Coming right down to it, it's not as if the public knows what a doctor's work is actually like anyway. One unenlightened scriptwriter = one inaccurate documentary. Silly them. Will it change a whole lot of perceptions? Don't think so. We certainly didn't go/aren't going into this field for the glamour of it 😛
 
I think I just saw the same episode. Was it the one with the 200-lb NF tumor?
 
yaah said:
The public has no clue. Short attention spans. I used to be bothered more about this, then I started realizing that this public is the same group of people who keep all these reality tv shows popular, make Oprah a billionaire, and can't figure out how to vote when they go into a booth (or, alternatively, figure out how to make voting an easier process, depending on your political bent), if they vote at all, which is unlikely because they would rather do something else.

So I guess this means that the pathologists who aren't "technicians" are crime scene investigators or Jack Kevorkian. That's right, continue to underestimate us.

Sigh. Other doctors know we are important. If the public wants to glamorize another field, let them.

I wonder if these same people know that PAs do a lot of surgery these days.

What specifically do you mean by "PAs do a lot of surgery these days"?
 
I think that at some smaller hospitals, PA's can do some simple surgeries and procedures. Surgery is kind of a loose term in that sense; one can be talking about excision of sebaceous cysts or AAA repairs. Now you've got me all curious as to what kind of surgeries PA's can do. What are the limits?
 
At some institutions, PAs will do a lot of the opening and closing in operations. Per what I heard from a couple of residents on surgery months, the attending may not even come into the room in some heart surgery cases until the chest is open and ready for bypass. PAs do vein harvests, lots of procedures like lines and chest tubes. Of course, the attending still has the responsibility. I don't think there are any surgeries where PAs do everything start to finish, clearly. But they do a lot of the standard, technical work.
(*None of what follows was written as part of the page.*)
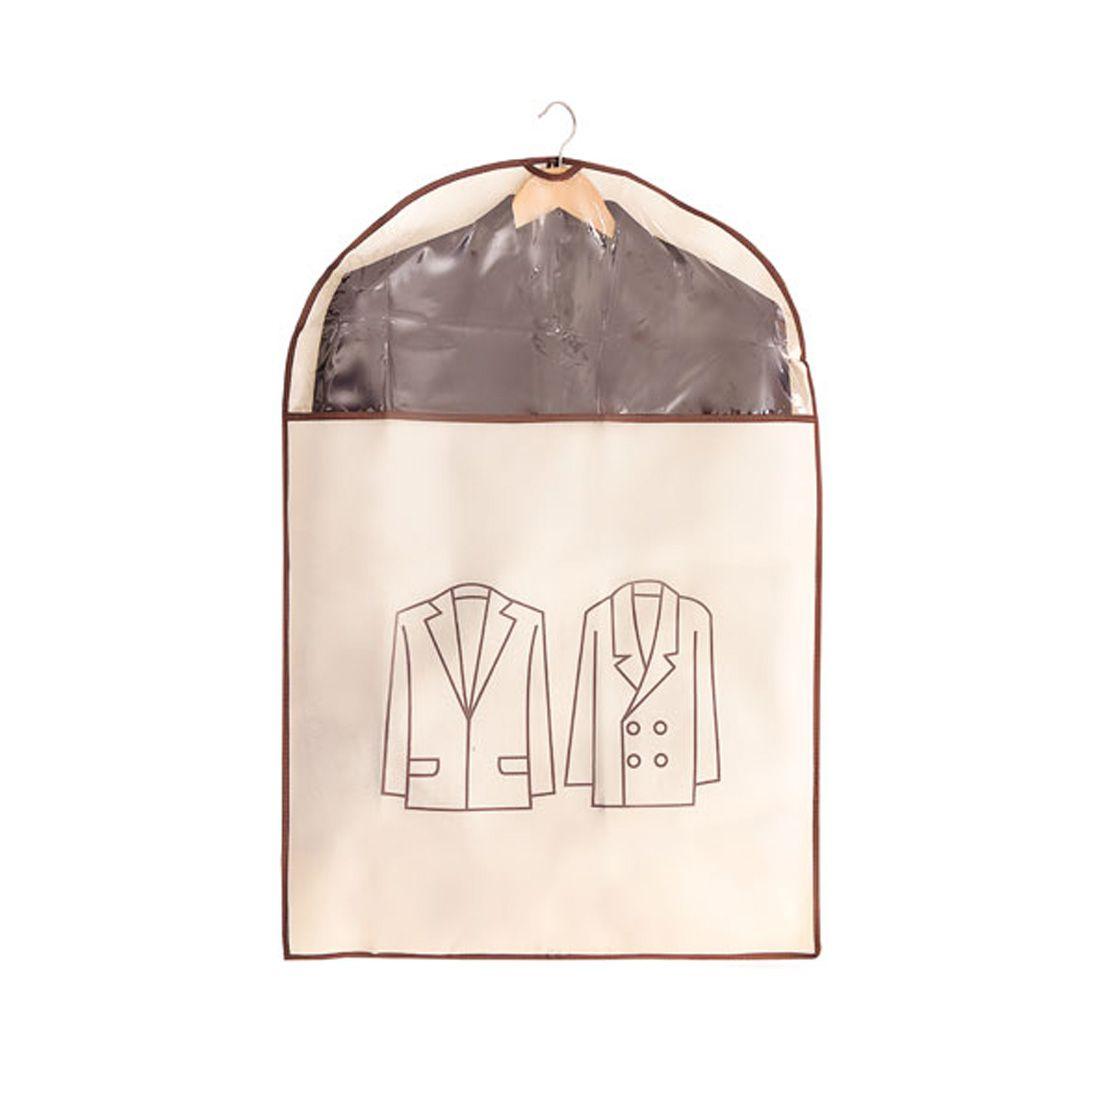 Capa Protetora para Roupa em Tnt com Visor Transparente Tamanho M

There's a new hospital show coming out, apparently, on FOX. I imagine it will be quite realistic and have true to life situations. 🙄
 
yaah said:
At some institutions, PAs will do a lot of the opening and closing in operations. Per what I heard from a couple of residents on surgery months, the attending may not even come into the room in some heart surgery cases until the chest is open and ready for bypass. PAs do vein harvests, lots of procedures like lines and chest tubes. Of course, the attending still has the responsibility. I don't think there are any surgeries where PAs do everything start to finish, clearly. But they do a lot of the standard, technical work.

There's a new hospital show coming out, apparently, on FOX. I imagine it will be quite realistic and have true to life situations. 🙄

Yeah, that's what I thought you meant. I'm not aware of anywhere that the PA is the surgeon of record-can't imagine an insurer covering them. Just wanted to make sure so someone else reading this forum didn't get the wrong idea about several things.
 
Molly Maquire said:
I think I just saw the same episode. Was it the one with the 200-lb NF tumor?


That's the one
 
At my med school, the cardiovascular surgeons always had a PA open, harvest the vein while the surgeon worked on the heart and then close.